The reason for publishing this early brainstorming is to get feedback
and identify possible contributors for the key areas.
Please, read along.
----

Just like a skipper commands a vessel navigating across the seas,
Skippr commands a user agent's navigation through RDF datasets and the
World. It sits between the user agent and the Giant Global Graph,
providing cross cutting services that are necessary for a
comprehensive browsing experience.

By user agent I mean not only HTML browsers, but also mobile and even
multimodal agents ( ie voice ).

As a "Navigation Server", Skipper will provide the following basic services

Sessions
Delegated Authentication
Pluggable Trust Framework
User Interface Engine ( Fresnel )
Schema Inference and IFP Smushing
Guided Navigation Engine ( Facets )
Linked Data ( On Demand Scuttering )
Free Text Search Federation ( Sindice )
Provenance
SPARQL Endpoint Management and Federation

A Skippr server can be deployed in an open web scenario, a closed
intranet scenario, or even locally to be consumed by any platform that
presents RDF data to human users. In the future, for example, a
browser like Mozilla Firefox could be equiped with an integrated
Skippr engine and provide a XUL UI on top of it.
A cellphone with a small Java ME application showing nearby
restaurants from the GGG could go through a skippr server running
somewhere on the cloud ( possibly a trusted provider configured by the
user ). Skippr will take care of free text searching, smushing and
facet extraction to provide the user with a smooth experience,
regardless of the device's limitations.

The important thing here is not the deployment model but the
consolidation of a package that can be used to quickly RDF-enable
different user agents in a consistent manner.

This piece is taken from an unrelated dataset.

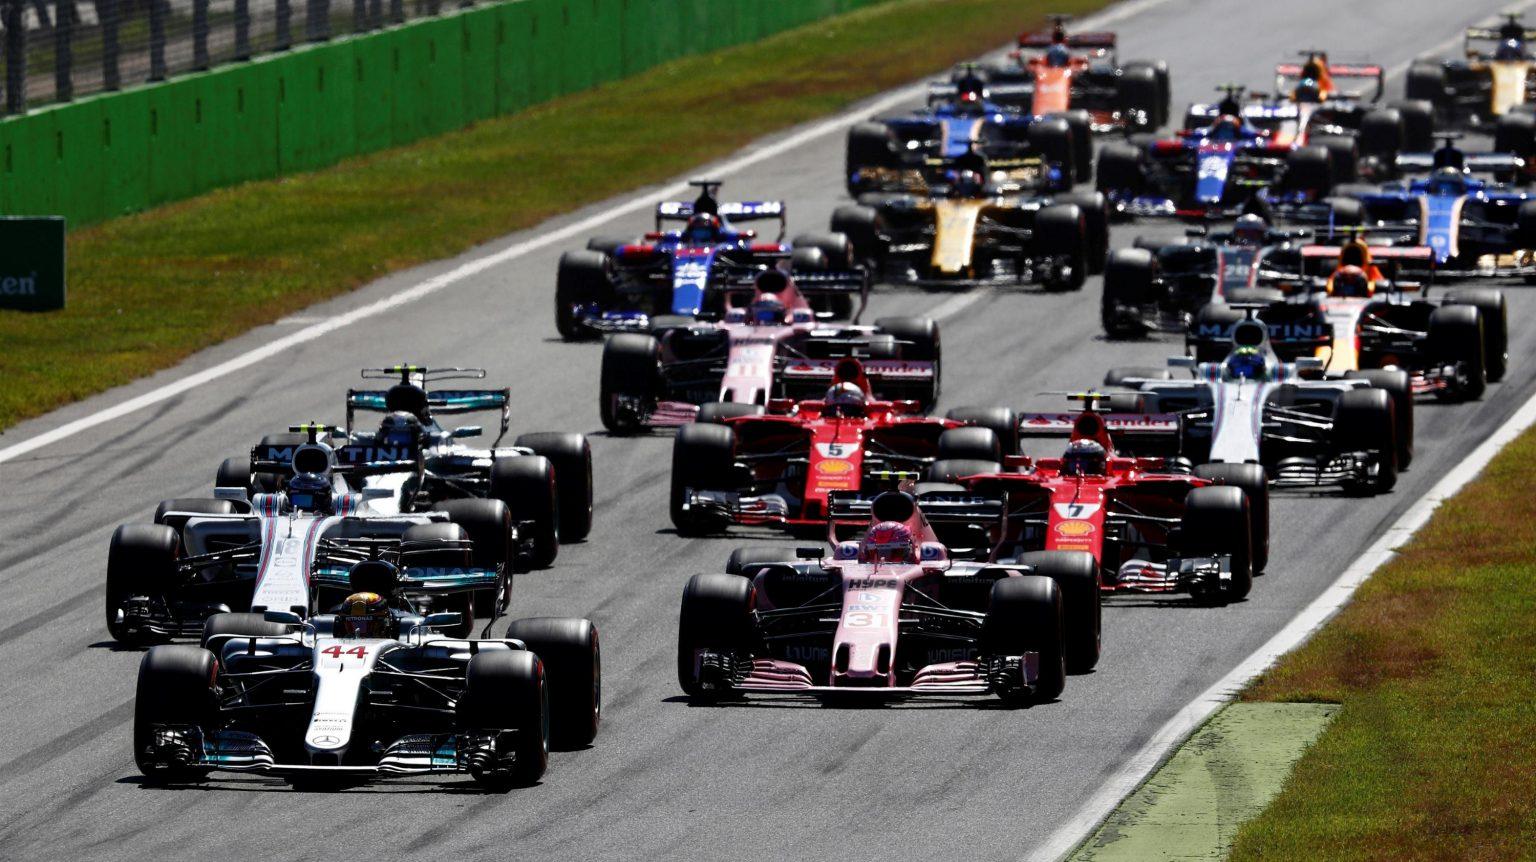 Photo of F1 İtalya GP: Hamilton rekor kırdı, Vettel liderliği kaybetti!

While the amount of functionality to implement may seem prohibitive at
first glance ( yikes! ) these are all problems that *currently* stand
in the way between RDF and user agents. If we solve them in a
collaborative manner we would bring the following immediate benefits
to the community:

- Alignment between different working groups
- Increase uptake by lowering entry barrier and providing a higher
level framework that "makes sense" and "works"
- Standardization of vocabularies for basic concepts like agent,
session, facet, scutter, free text index, etc.
- Standardization or at least general consensus about possible
solutions to conflictive use cases, like the use of inference.
- Somewhere to plug ACLs and Trust when the time comes.
- Avoid an explosion of different Browser behaviours, UI engines,
navigations engines, etc.

Bottomline, Skippr is an umbrella project that seeks to integrate
existing efforts and avoid replication across different RDF user agent
teams ( which I presume are growing exponentially ). I hereby make an
open invitation to all members of the community that are currently
undertaking such projects to join the discussions on how the various
topics should be addressed.

BTW, I know what some of you algebrains are thinking:

"SPARQL Endpoint Management and Federation"??!!!  is this guy nuts?.

Well, not really. The idea here is not to create a full blown
distributed sparql engine, but rather a small 80/20 solution that
allows small queries to be distributed over a set of endpoints and a
linked data subset of the GGG. Remember that this is a "navigation
server" aimed at serving "directed navigational user agents". This
means that queries can be restricted in size and complexity. The
capacity of a session could be restricted as well.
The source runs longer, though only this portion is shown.